✨Chapter 37✨

84 12 0
                                    

Silahkan mundur untuk yang belum vote bab-bab selanjutnya!

Kalian mau jadi silent readers?

Tinggalkan jejak kalian!

Happy Reading!

🌼🌼🌼

Nia dan Athala kini tengah di bandara untuk mengantar Elisa menyusul Ethan ke Rusia dengan diantar oleh Citra, Bia, dan Sagara. Pasangan suami istri itu bergandengan tangan seakan-akan saling menjaga satu sama lain.

Setelah berpamitan, keempat orang itu pun berlalu untuk segera take off.
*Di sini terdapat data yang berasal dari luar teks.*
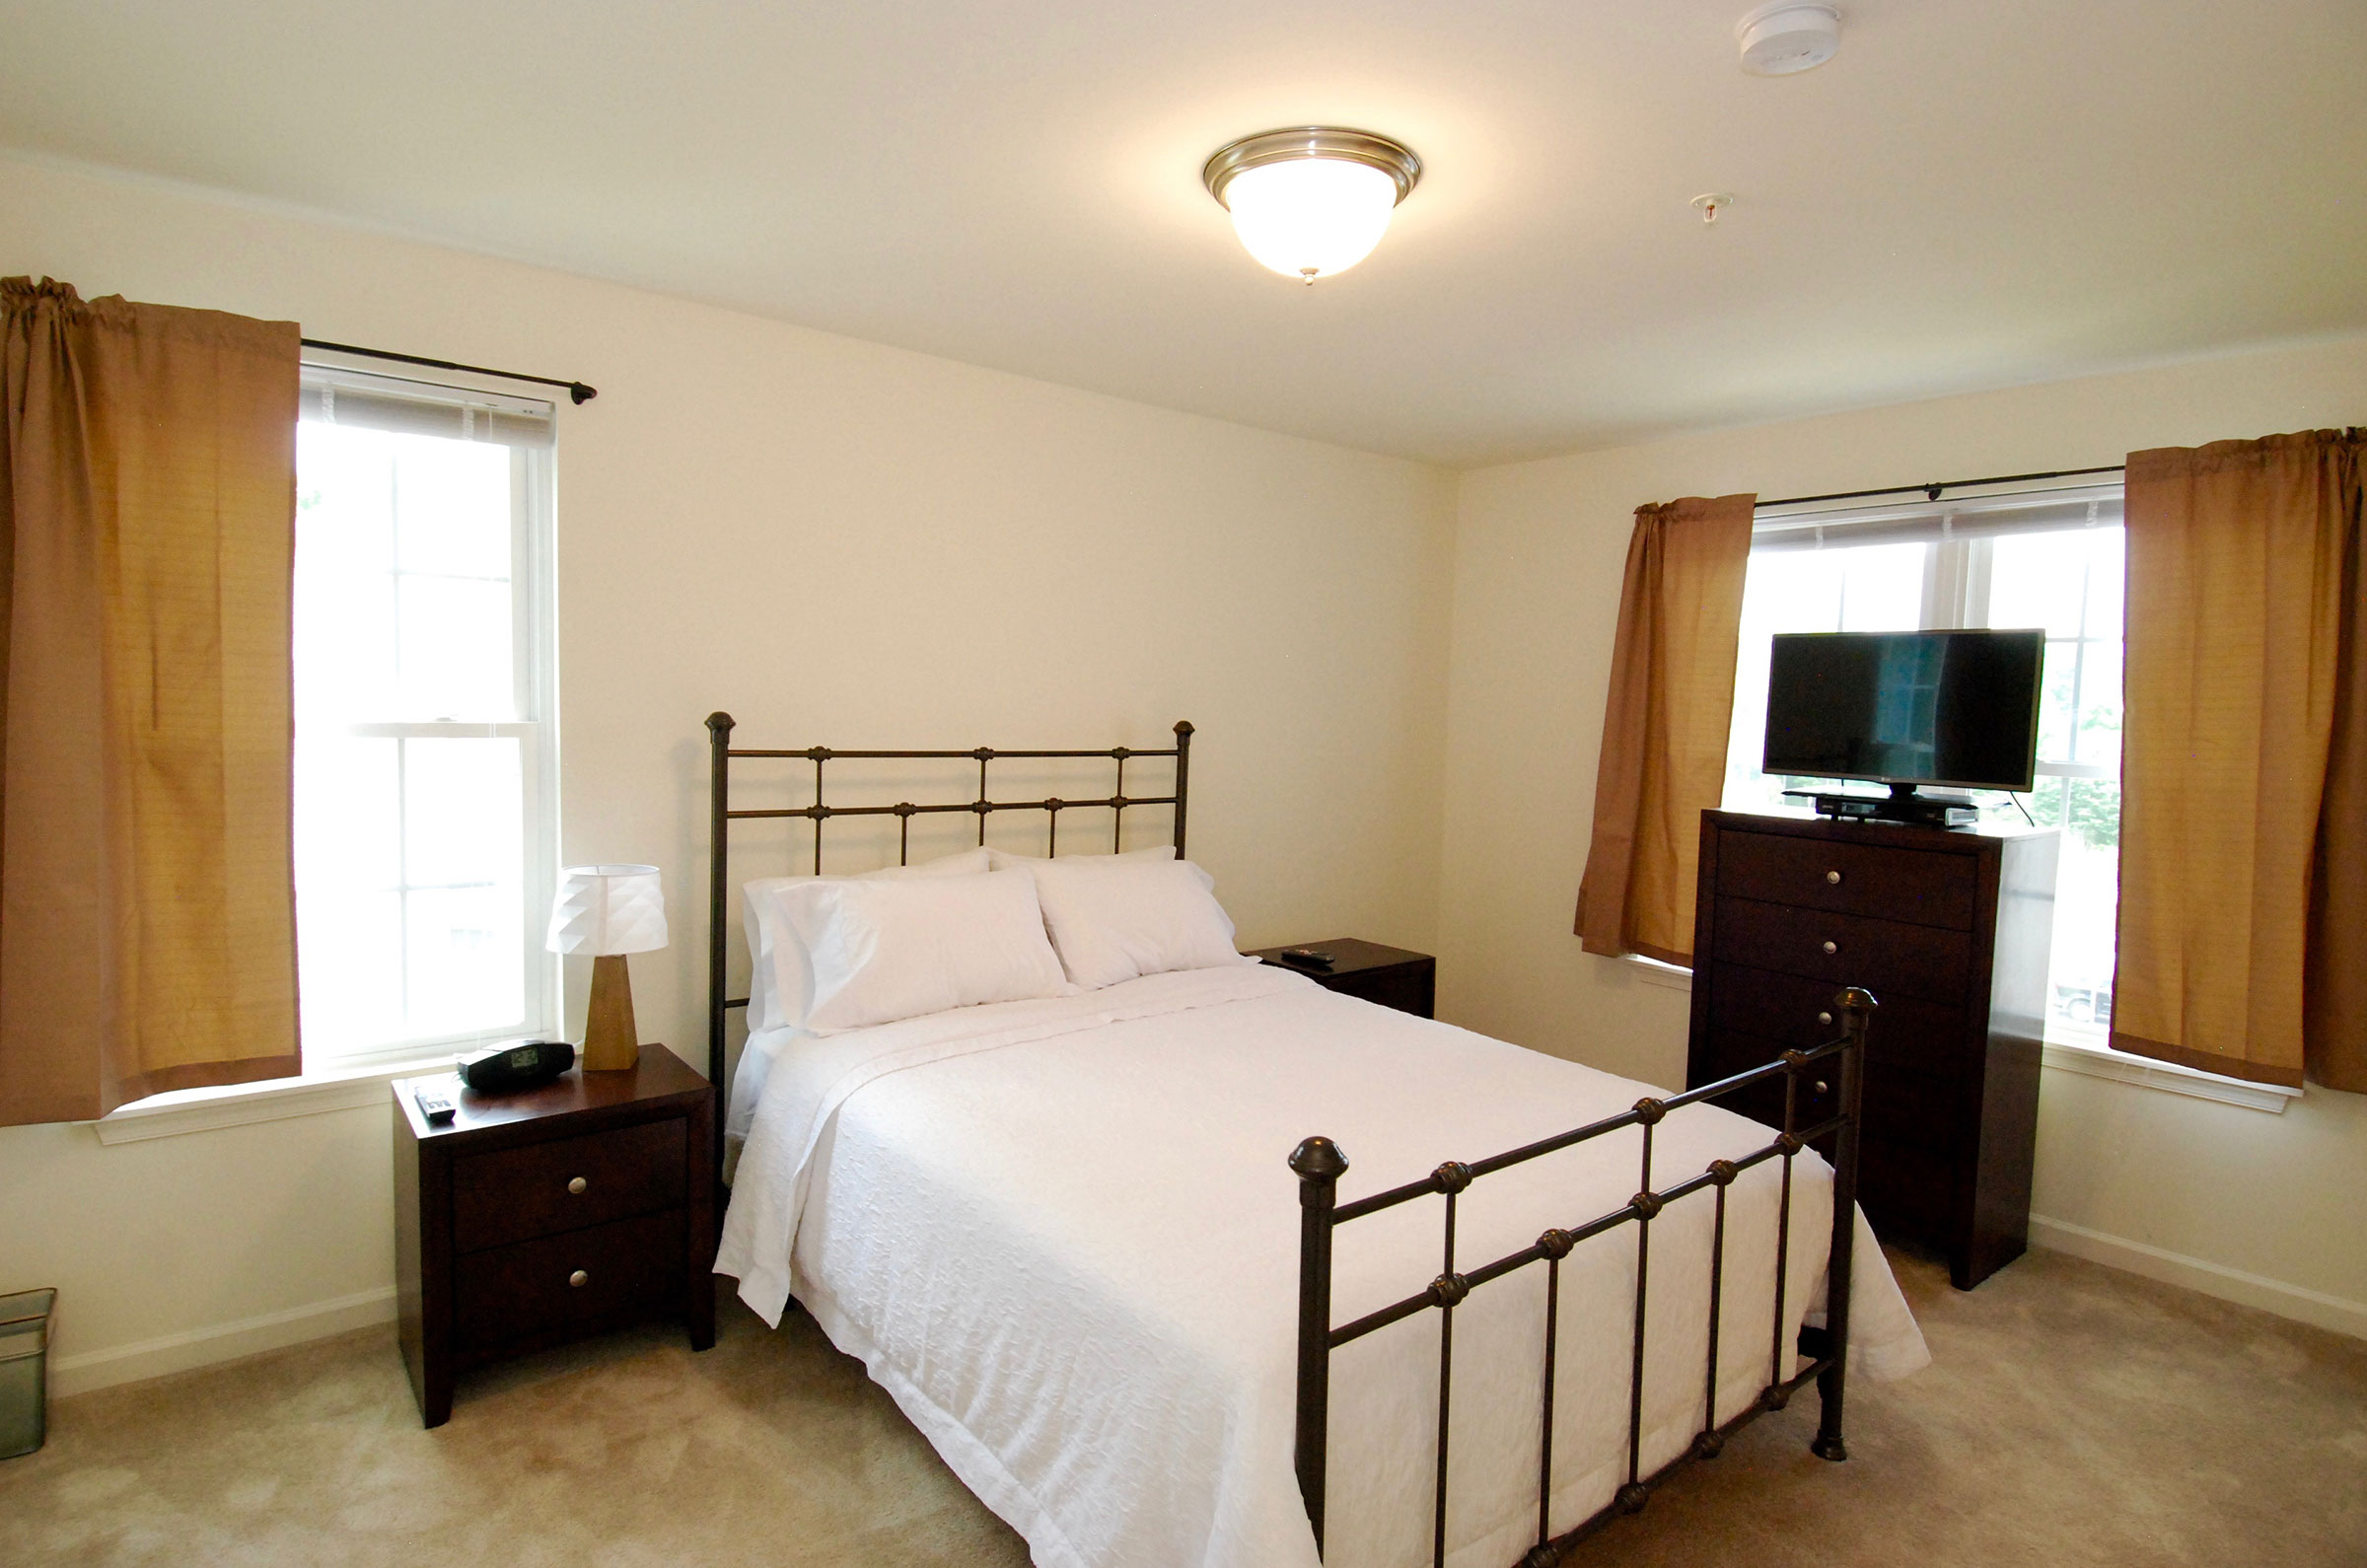 corporate apt master bedroom
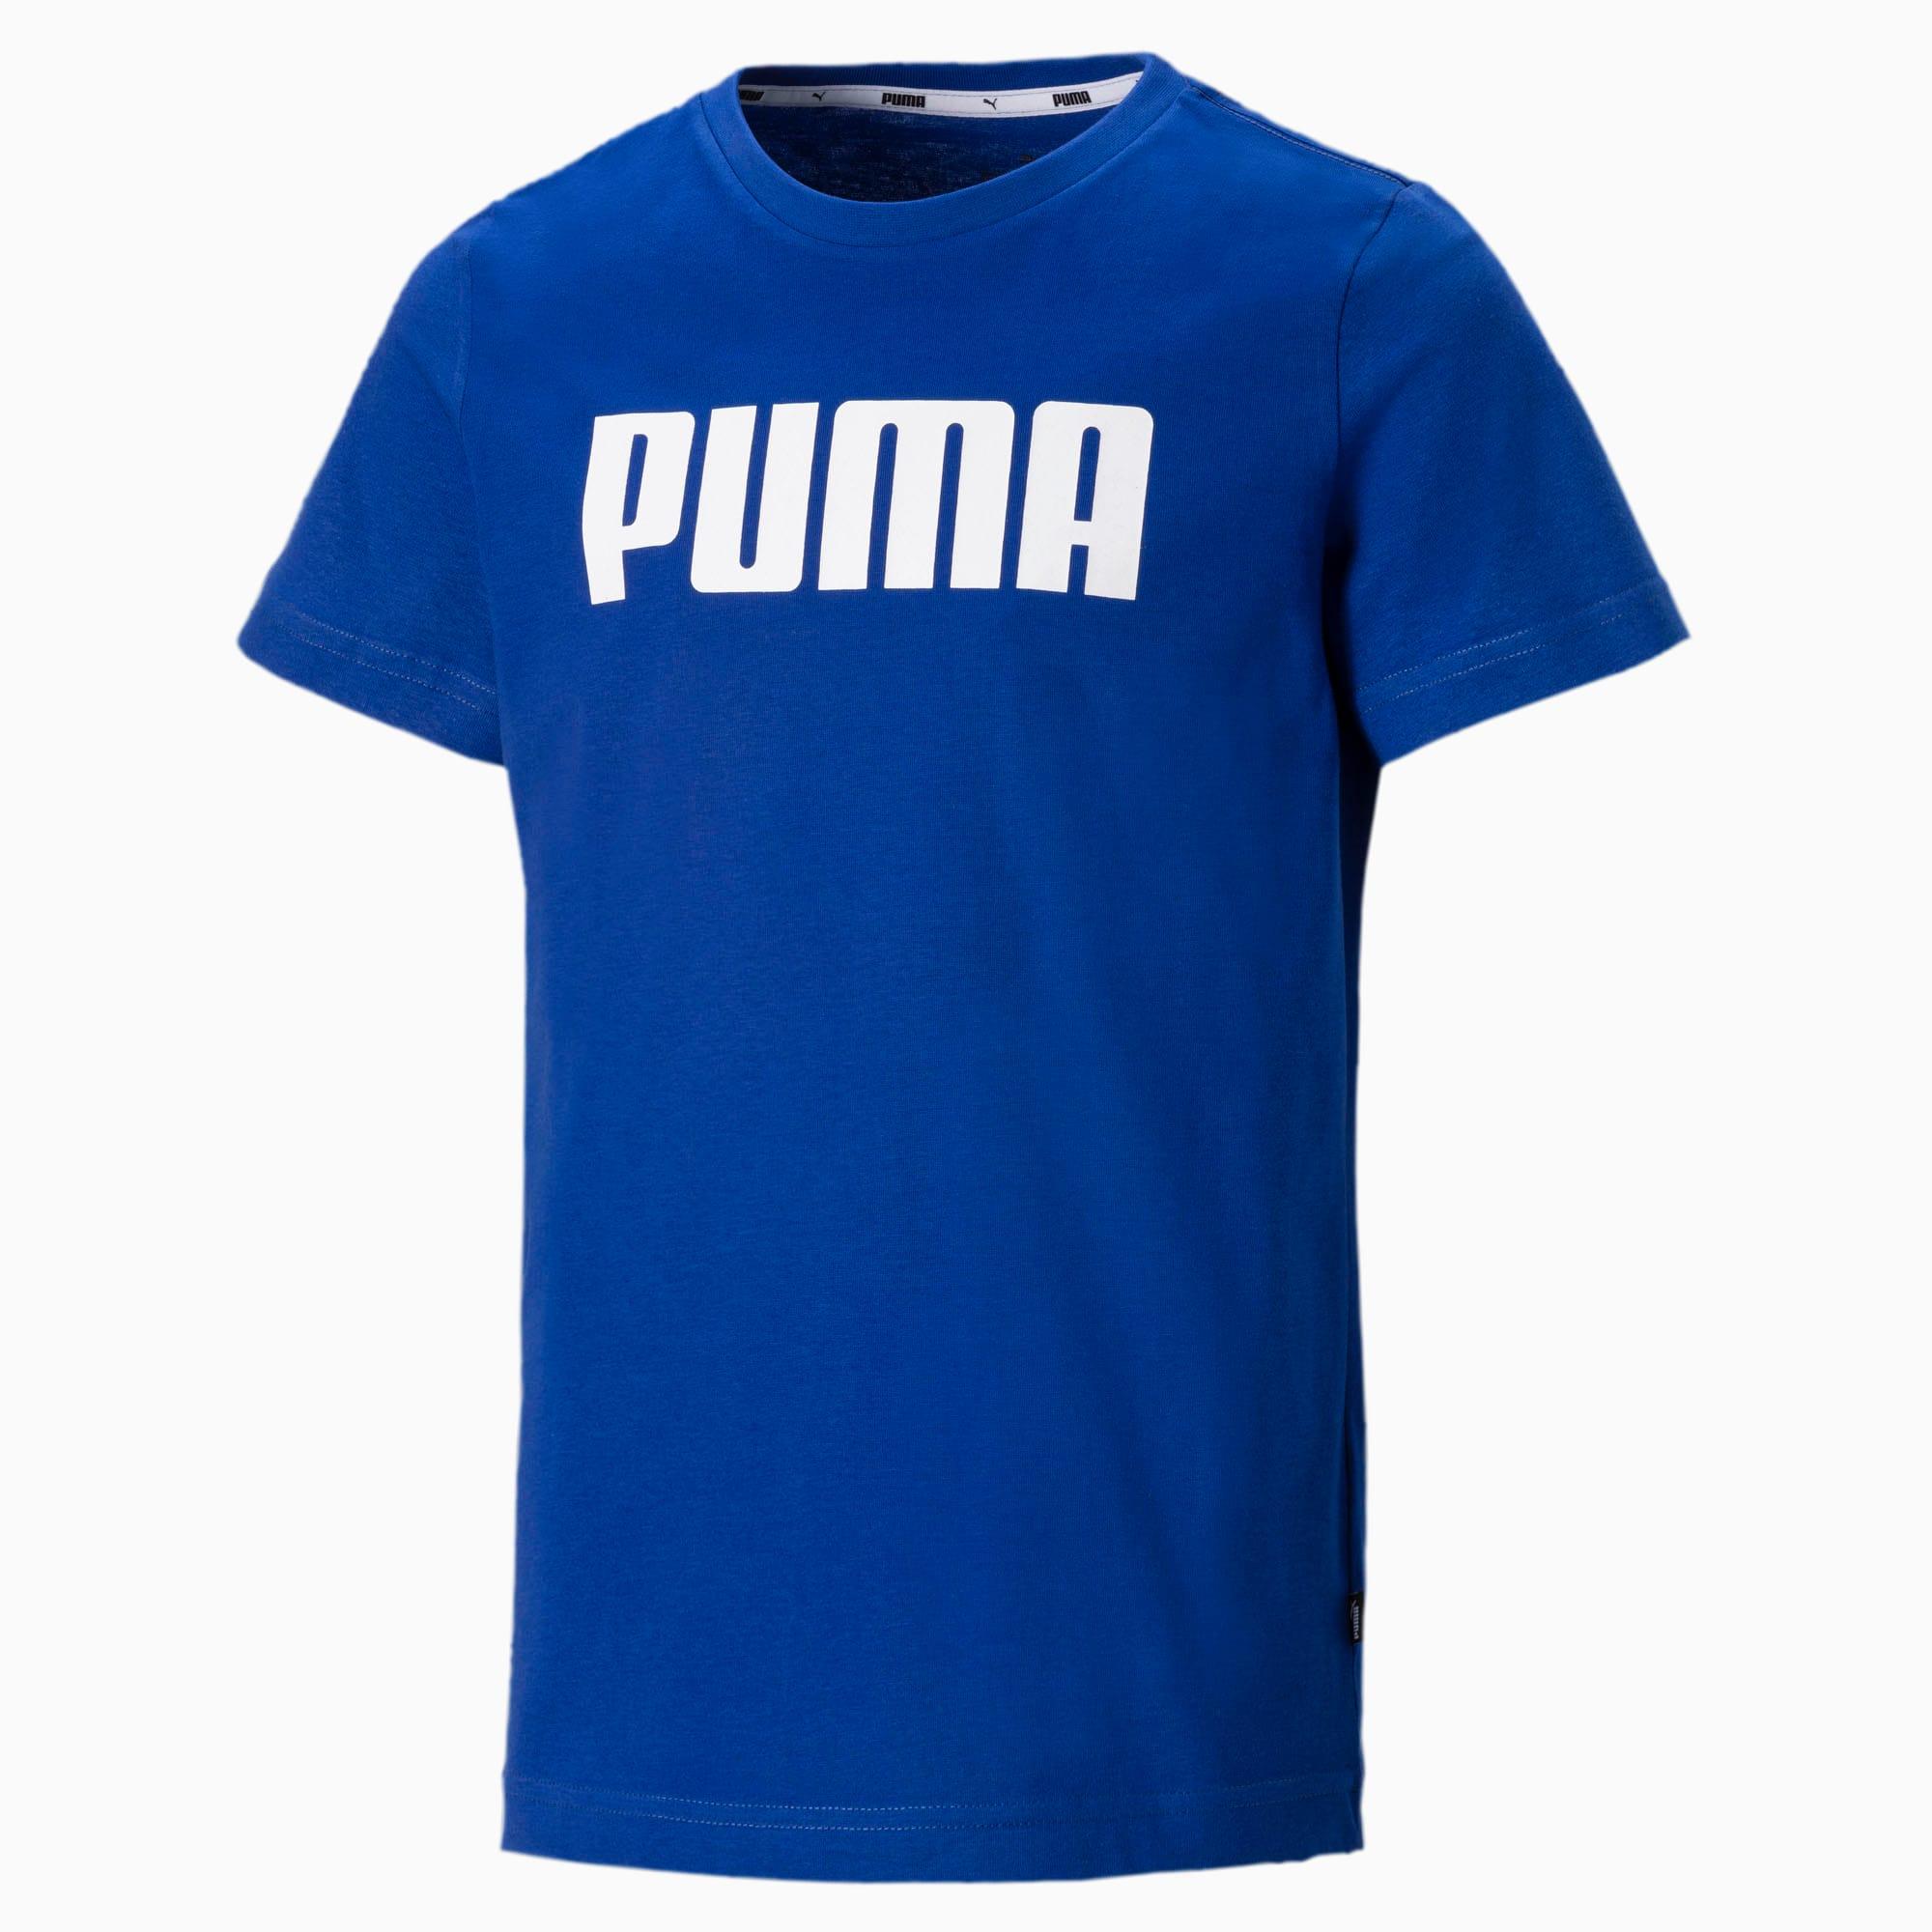 Camisetas Puma, infantiles 2 colores a elegir

Seluruh keluarga dan sahabat baik Elisa berharap yang terbaik untuk perempuan itu.

"Ayo kita pulang," ajak Athala menatap istrinya.

"Bentar," kata Nia kini menatap lekat Fauzia.

"Apa?" Fauzia balik bertanya dengan wajah yang kentara panik.

"Lo masih belum turutin ngidam gue, Zi," kata Nia.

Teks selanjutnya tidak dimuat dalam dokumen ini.